Popper on instrumentalism and conventionalism

December 16, 2011 § Leave a comment

[The scientist’s] aim is to find explanatory theories (if possible, true explanatory theories); that is to say, theories which describe certain structural properties of the world, and which permit us to deduce, with the help of initial conditions, the effects to be explained.

“Initial conditions” are singular statements that apply to a specific event in question. Combining these with universal laws produces predictions. Popper doesn’t require that every event can be deductively predicted from universal laws. But science has to search for such laws that causally explain events. Popper contends that while scientific laws are not verifiable, they are falsifiable.

One angle from which the primacy of falsification might be challenged is instrumentalism. Berkeley suggested abstract theories are instruments for the prediction of observable phenomena, and not genuine assertions about the world. The difference is that between “all models are wrong” and “all models are falsifiable”.

Popper rejects instrumentalism because everybody uses abstract properties in ordinary speech.

There is no sharp dividing line between an ’empirical language’ and a ‘theoretical language’: we are theorizing all the time, even when we make the most trivial singular statement.

We are always using models, so we’re always wrong. Personally, I can live with this.
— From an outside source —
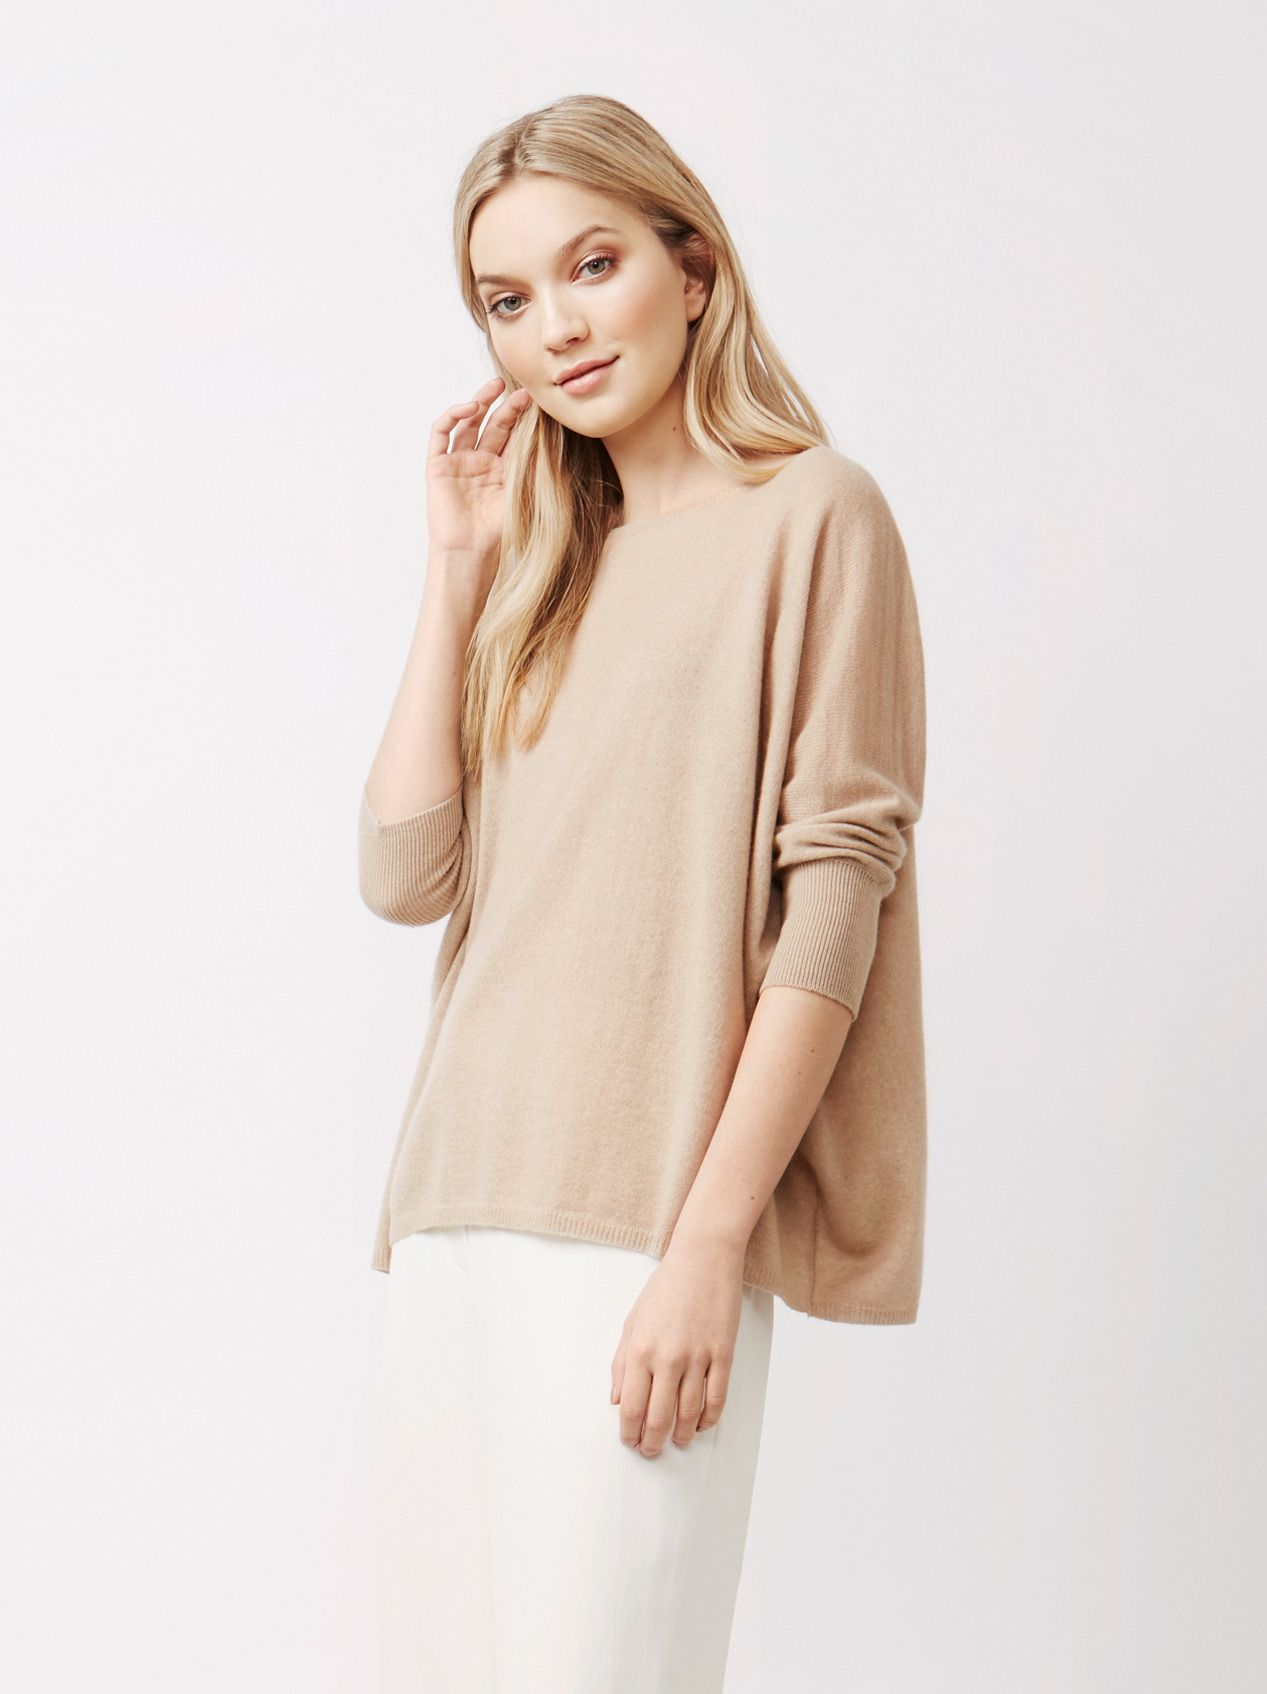 66199f6d7 Soft Goat Women's Short Sleeve Poncho Sand | Garderob | Tunic tops ...

Under instrumentalism, the crucial question becomes “how wrong”. As long as measurements are taken to be real features of the world, the answer to this can be used in falsificationism.

But what if measurements are dependent on assumptions? This is an implication of conventionalism. Duhem held that universal laws are merely human conventions. Since measurements depend on these laws, a conventionalist might argue that theoretical systems are not only unverifiable but also unfalsifiable. Popper makes a value judgement against conventionalism, not because it’s demonstrably wrong but because it allows explaining away, rendering it useless for science. He quotes Joseph Black:

A nice adaptation of conditions will make almost any hypothesis agree with the phenomena. This will please the imagination but does not advance our knowledge.

Statistics makes such adaptation even easier: the phenomena were merely improbable. The rise of probabilistic models makes it even more valuable to guard against ad hoc adaptations.